Van Gogh created frames for many of his paintings. For example, we can still find the reproduction of one of those destroyed in Japan in 1945, “Sunflowers”. The frame has various shades of orange—bright where it passes over the sky-blue background of the picture, and pale where the lilac table with sunflowers is depicted. Such a frame was a fundamentally new element in 1888 when the painting was created. In those days, paintings were usually hung in gilded or white frames. (Read more about how Van Gogh’s art was framed in the article “Framing Van Gogh” by Ursula Hobson.) Edgar Degas (1834-1917; French) possessed a well-known passion for picture frames. The painter always framed his pieces personally and couldn’t stand it if his artworks were reframed. He was even known on at least one occasion to have taken back a previously gifted painting simply because it was reframed not to his liking. Unfortunately, few original Degas frames survived to this day. We can, however, find more than forty original frame sketches in the artist’s notebook. Degas not only studied frames, but also designed his own shapes. (Read more about Degas framing style in the article “Degas’s Frames for Dancers and Bathers”)

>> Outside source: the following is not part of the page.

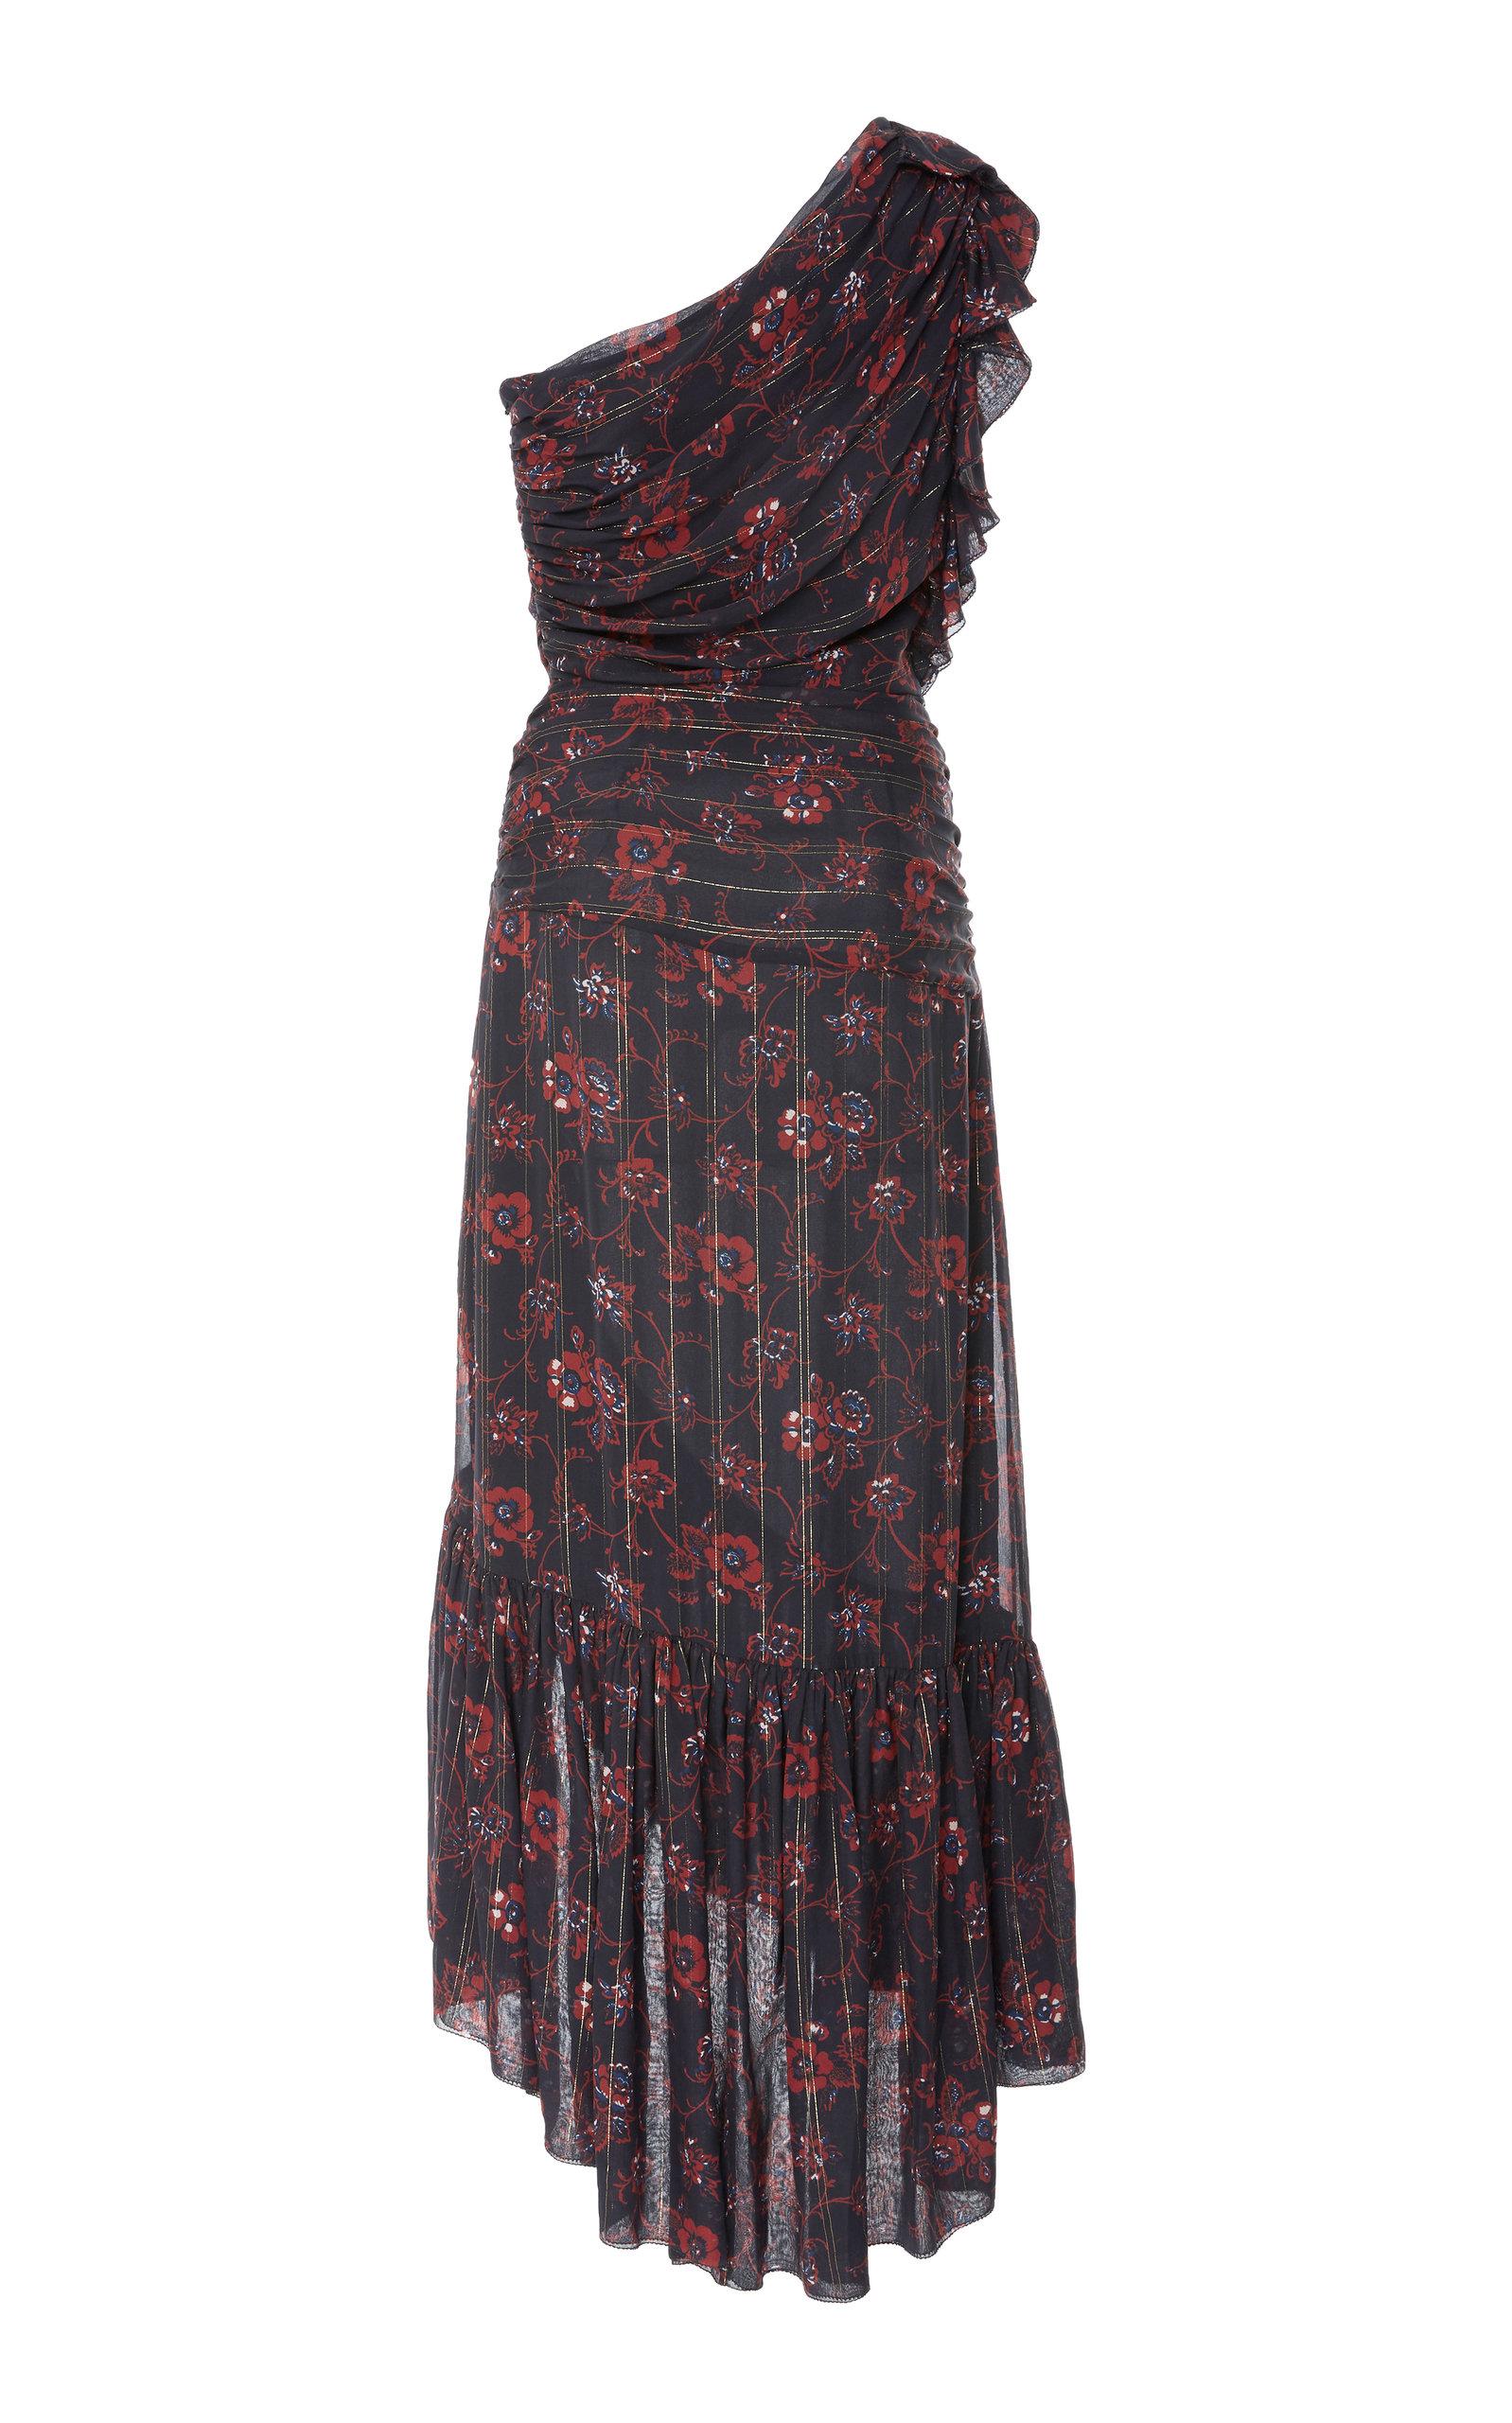 Dress Operandi JohnsonModa Belline By Ulla gyvY7mb6If
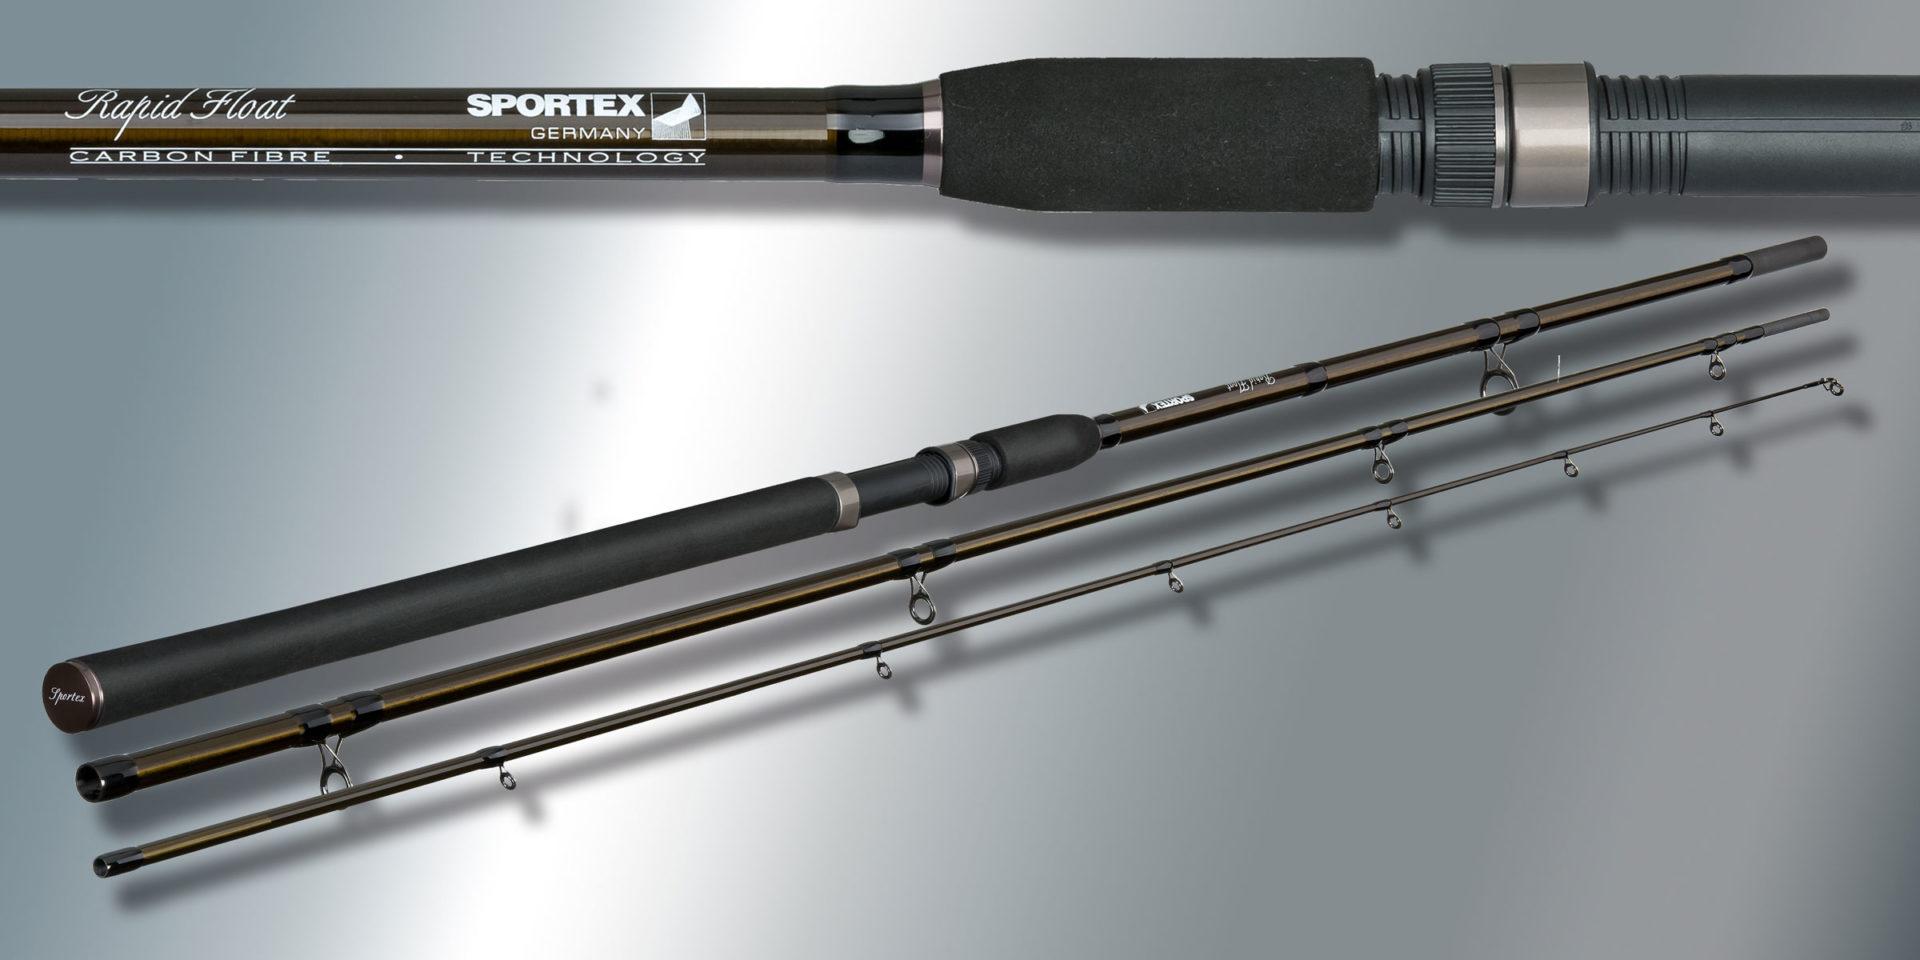 Sportex Rapid Float - Angelrute

The American painter James Abbott McNeill Whistler (1834-1903) also manufactured frames for his paintings and even signed them with little butterflies of different colors. (Read more about personal signature on the Whistler’s frames in” A Flight Of Whistler Butterflies”.) One of his famous pieces that we can see in its original frame went down in history under the name “Whistler’s Mother.” The portrait was painted in a strict, concise manner, and the artist considered it necessary to emphasize the details of the picture that are not so noticeable in the frame decoration. For example, the wedding ring on the mother’s hand has exactly the same shade as the gilding of the frame. Gustav Klimt (1862-1918; Austrian) is another great example of the frame’s influence in art. His paintings cannot be viewed separately from their original frames. The first version of the frame for “Judith I” was made by the artist’s brother, jeweler Georg Klimt, by chance. The ornament in the picture was also transferred to the frame. Many paintings of early Klimt were born precisely under the influence of their future frame. -First, the artist’s brother brought him a frame, and then the picture itself was created. Klimt believed that the painting should flow into the surrounding space, merging with reality.